Databases and Storage SystemsLesson 3.2

Database replication — primary-replica and multi-master patterns

synchronous vs asynchronous replication, read replicas, replication lag, multi-master conflicts, failover, write scalability

Why Replicate

Replication copies data from one database node to others. It serves two purposes: high availability (failover if primary dies) and read scaling (distribute reads across replicas).

Primary-Replica Replication

All writes go to the primary. The primary replicates changes to one or more replicas. Reads can be served from any replica.

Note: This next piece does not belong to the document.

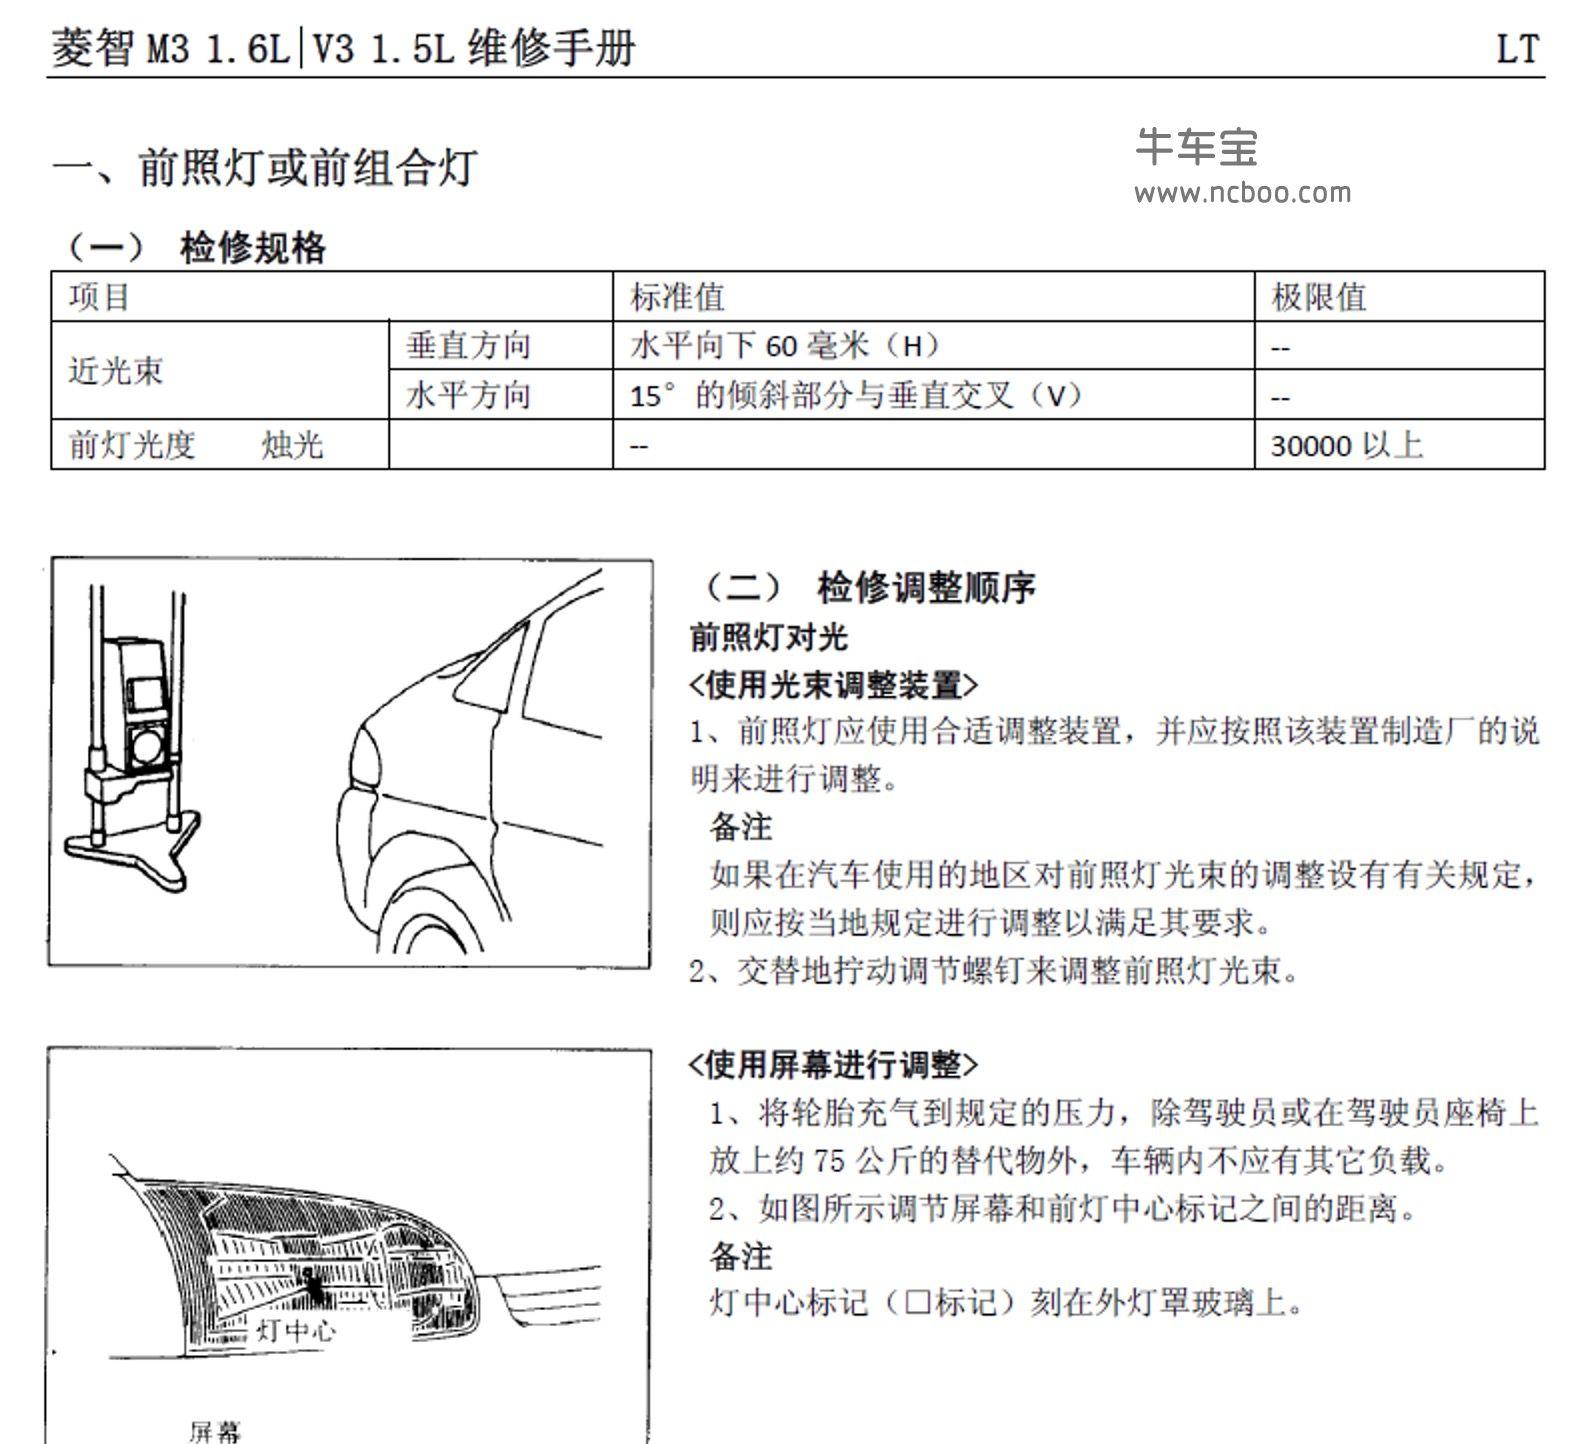 2016-2017款东风风行菱智M3 V3原厂维修手册和电路图
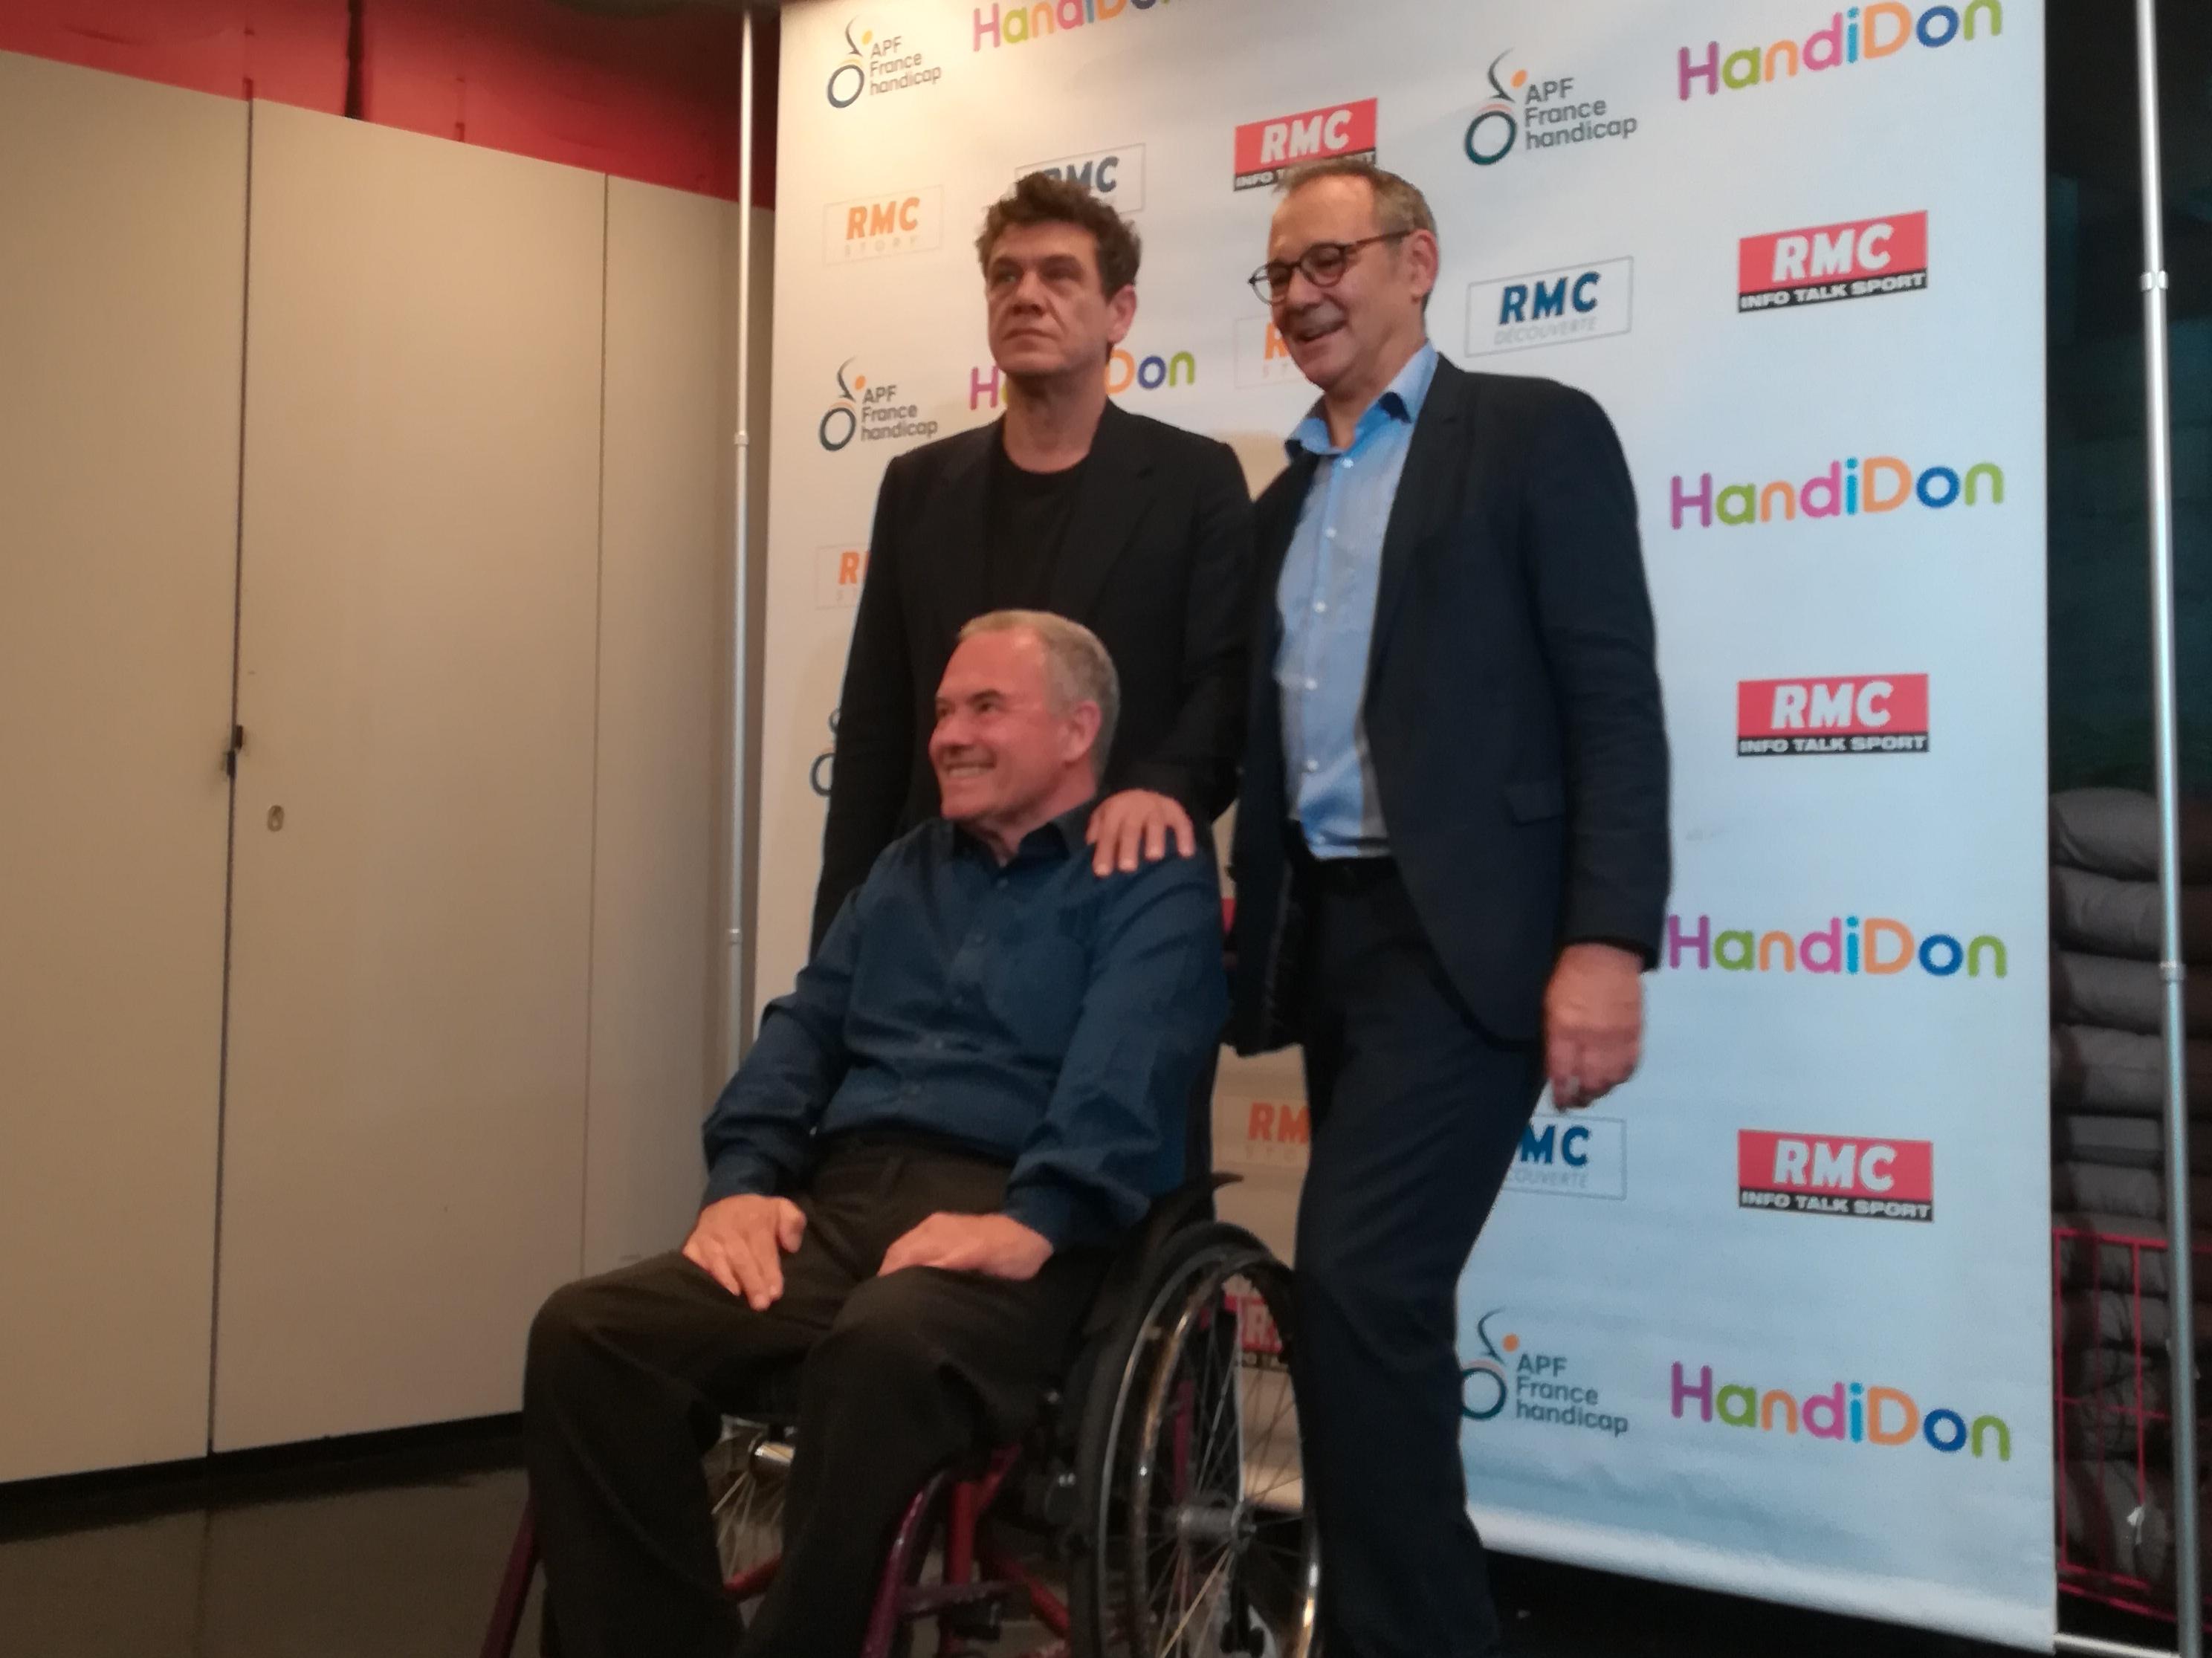 Marc Lavoine aux côtés d'Alain Rochon et Prosper Teboul pour le lancement de Handidon

Synchronous: primary waits for replica to confirm before acknowledging write. No data loss but higher write latency.
Asynchronous: primary acknowledges immediately, replicates in background. Lower latency but risk of data loss if primary dies before replication completes.

Replication Lag

Async replication creates lag — replicas may be seconds behind. This means reading your own writes from a replica may return stale data. Solution: route reads for a user to the same replica they just wrote to (read-after-write consistency), or read from primary for critical operations.

Multi-Master Replication

Multiple nodes accept writes simultaneously. Solves write availability but introduces conflict resolution complexity. Two nodes accepting conflicting writes to the same record must resolve the conflict — last-write-wins, CRDTs, or application-level resolution. Use only when write availability is more important than simplicity.